One key step is for parents to examine their own discomfort. If adults seem uneasy with physical affection, children pick up on that hesitancy. Instead, parents can model warmth by offering hugs, hand-holding, or casual touches on the shoulder, normalizing these gestures as everyday expressions of love. Importantly, this doesn’t mean forcing unwanted touch open conversations about boundaries are essential to ensure boys feel respected and in control.
Parents can also incorporate affection into routine activities. Reading together before bed can double as cuddle time; a goodbye hug can be negotiated so it happens at home instead of at the school gate if public displays feel embarrassing. Over time, these gestures build a family culture where affection is safe, consistent, and valued.

Exposure to alternative models can also be transformative. In cultures like Israel or China, platonic male touch is far more accepted, with friends holding hands or embracing in public without stigma. Sharing these examples with boys can spark conversations about how cultural norms are constructed and how they can be challenged. Summer camps, sports teams, or all-boys environments where touch is normalized can further reinforce positive experiences.

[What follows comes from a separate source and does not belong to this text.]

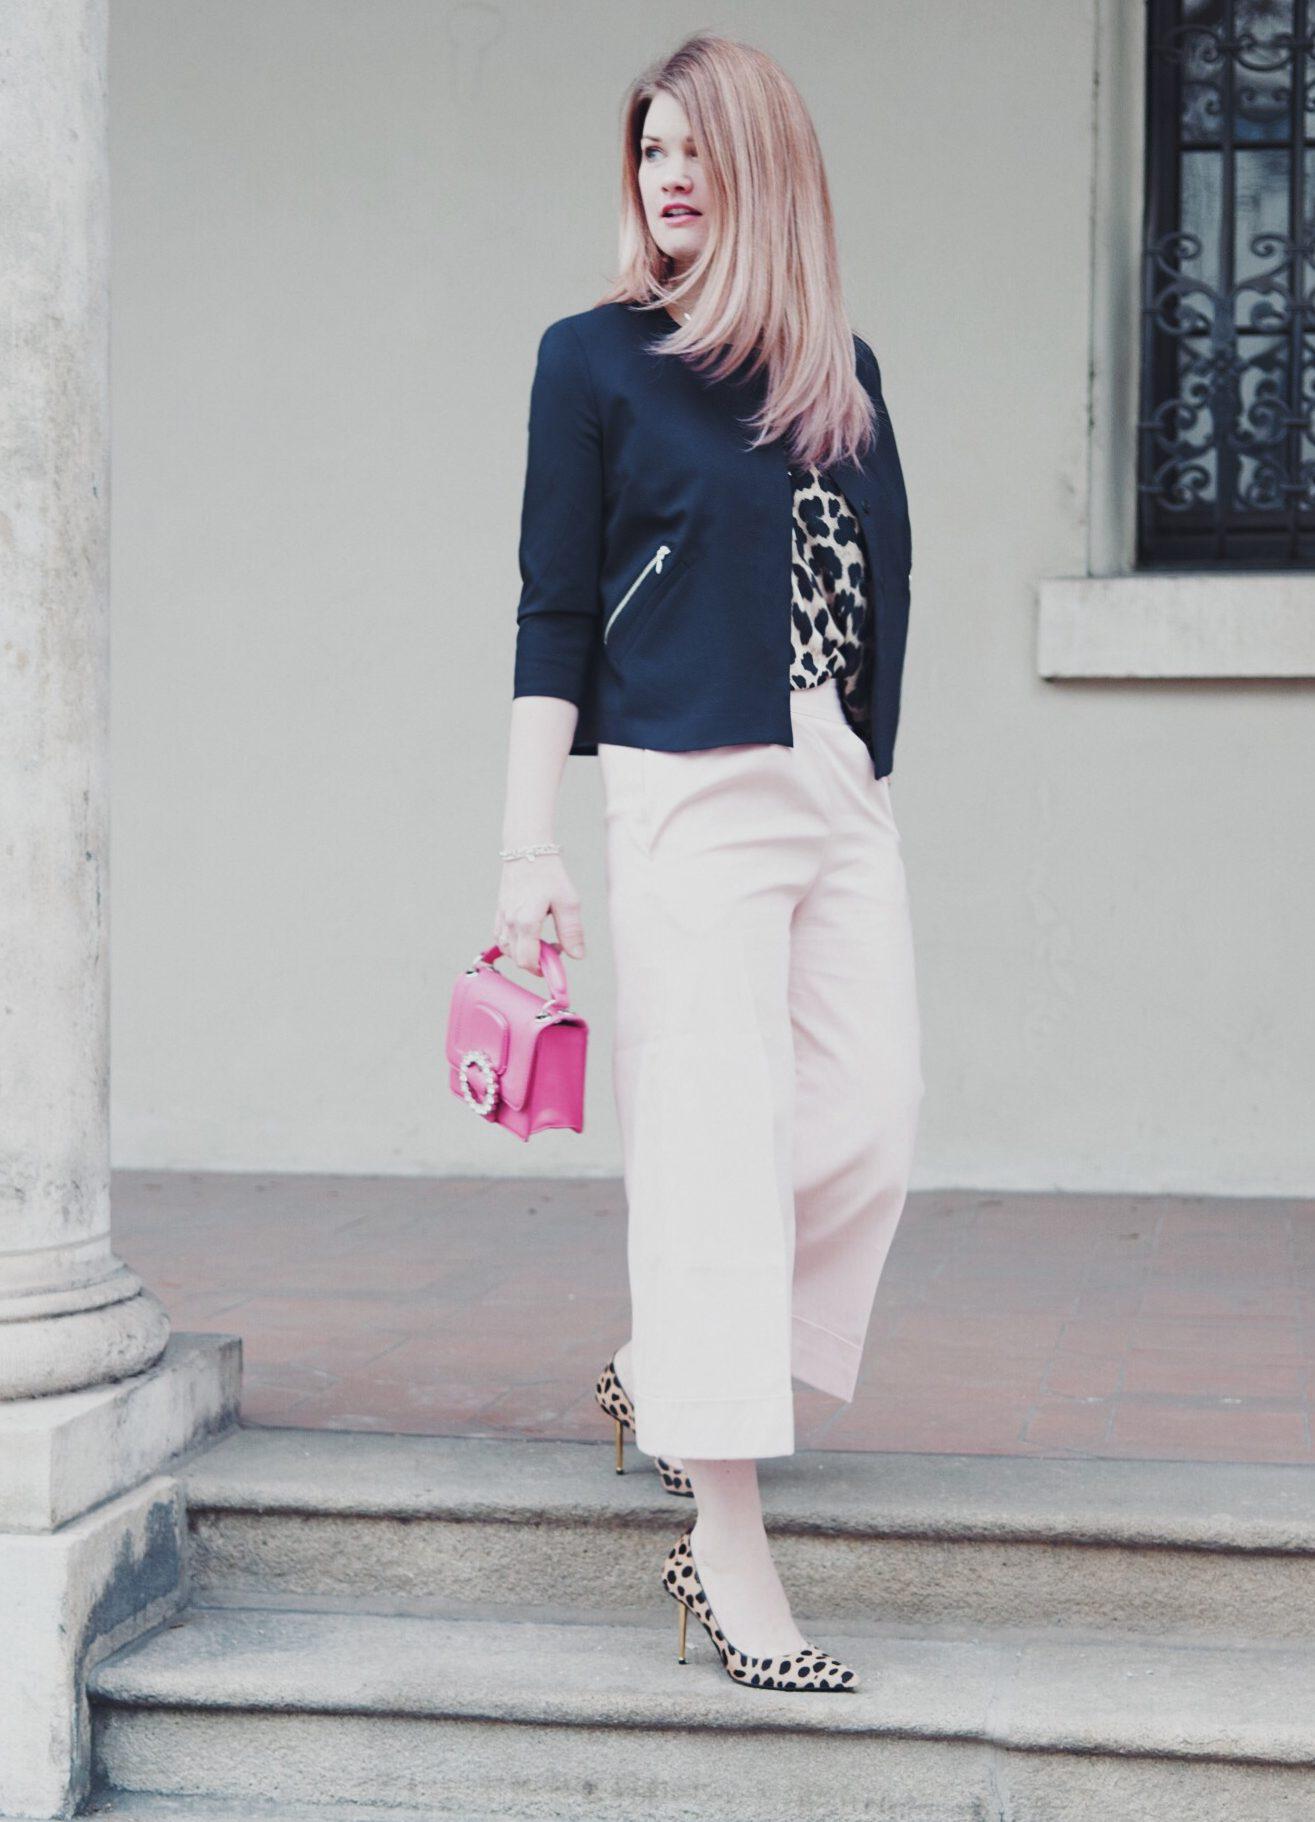 L'Oréal, Pineapples and Pumps, Animalprint, Tiffany and Co., Mac Cosmetics, Kolumne, Blog, Fashion Blog, Lifestyle, Flohmarkt, Munich, Zara, Tom Ford, Marc Jacobs

Above all, creating a family counter-narrative is vital. Parents might explain, “I know not everyone hugs their parents, but in our family, it’s how we show love.” By explicitly rejecting harmful norms, families can help boys feel secure in their emotional and physical needs, equipping them to carry healthier expectations into adulthood.
A Path Toward Healing and Connection
The problem of touch starvation may feel daunting, but its solutions are within reach. Every hug, every gentle pat on the back, and every moment of physical closeness sends boys the message that affection is not only acceptable but essential. These small acts ripple outward, shaping how boys see themselves, their relationships, and their future.
Society may still cling to the myth of the “lonely cowboy,” but families have the power to write a different story one where boys grow into men who are comfortable with tenderness, connected to others, and unafraid to show care. In that future, the image of men embracing won’t be a rare spectacle reserved for championship games. It will be a normal, everyday reflection of humanity’s most basic truth: we thrive through touch.